HORATIO: Tush, tush, ’twill not appear.
Lacking a time machine, there’s no way for us to determine the original pronunciation of Horatio’s contemptuous non-verbal reply, “tush.” It’s clearly an analogue of our modern “tsk,” and if you drop out the “u” altogether, it even makes a similar sound. The safest pronunciation is probably with a short u, to rhyme with “brush.” If you lengthen the u sound, even so much as a smidgen (to rhyme with “bush”), then you’re into the Giggle Zone.

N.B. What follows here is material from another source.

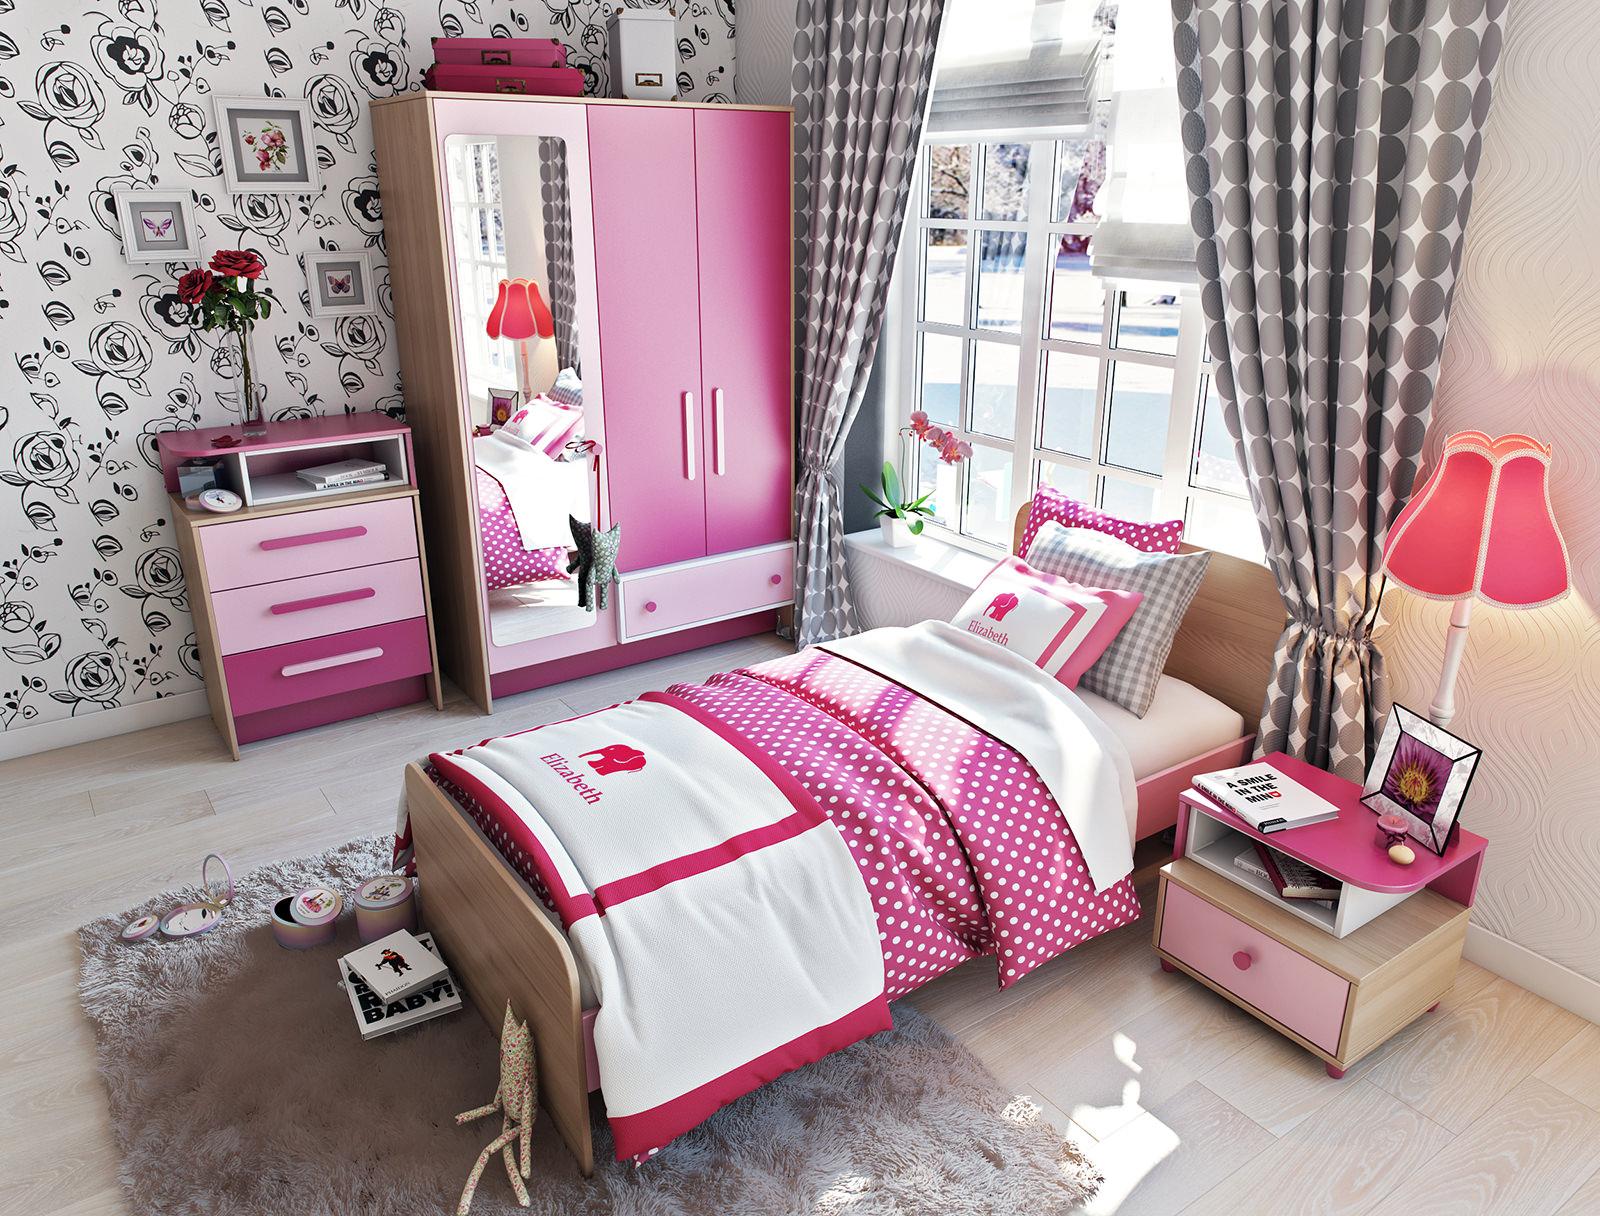 Розовая мебель в интерьере детской

Modern directors of Shakespeare don’t worry as much as they ought to about the Giggle Zone — a phenomenon in which adolescent audience members (the bread and butter of most companies producing Shakespeare) find a vulgar echo in some otherwise harmless word or phrase, resulting in transgressive giggles from the students, and chastising shushes from their chaperones. It is not the same effect as when Shakespeare actually intends a vulgar gag, because I’d argue that students are smart enough to know when they are being given license to laugh at something juvenile, as opposed to claiming a laugh at the expense of the play’s meaning. Are you laughing with Shakespeare, or at him? Are you giving the script your respect — well played, Shakespeare — or are you dissing it?
Unfortunately, some of these Giggle Zone lines come at the worst possible moments, utterly dissolving any dramatic tension that a scene has rightly earned. My personal unfavourite comes in the final scene of Othello, when Lodovico sees the “tragic loading of this bed” — ie. the bodies of Desdemona and Emilia, momentarily joined by Othello himself, who has just impaled himself. His utterance is only three words long: “O bloody period!” It literally means, “what a horrific end to this story!” but good luck sneaking it past an audience of teenagers without an explosion of laughter. I’ve directed Othello twice, and cut the line both times.
Horatio’s line is not so crucially situated, but it’s still going to provoke the Giggle Zone if it sounds like the actor is talking about his backside. It would be relatively easy to cut it, except I think it’s an important statement of Horatio’s skepticism, precisely because it is so plainspoken. There is no way for an audience to misinterpret his meaning or his attitude — unless, of course, they cannot hear the words because they’re laughing too hard.
An easy fix, though: either coach the actor to pronounce the two “tushes” so that they do not evoke potty humour, or else change “tush” to “tsk,” or some other non-verbal sound that indicates disbelief.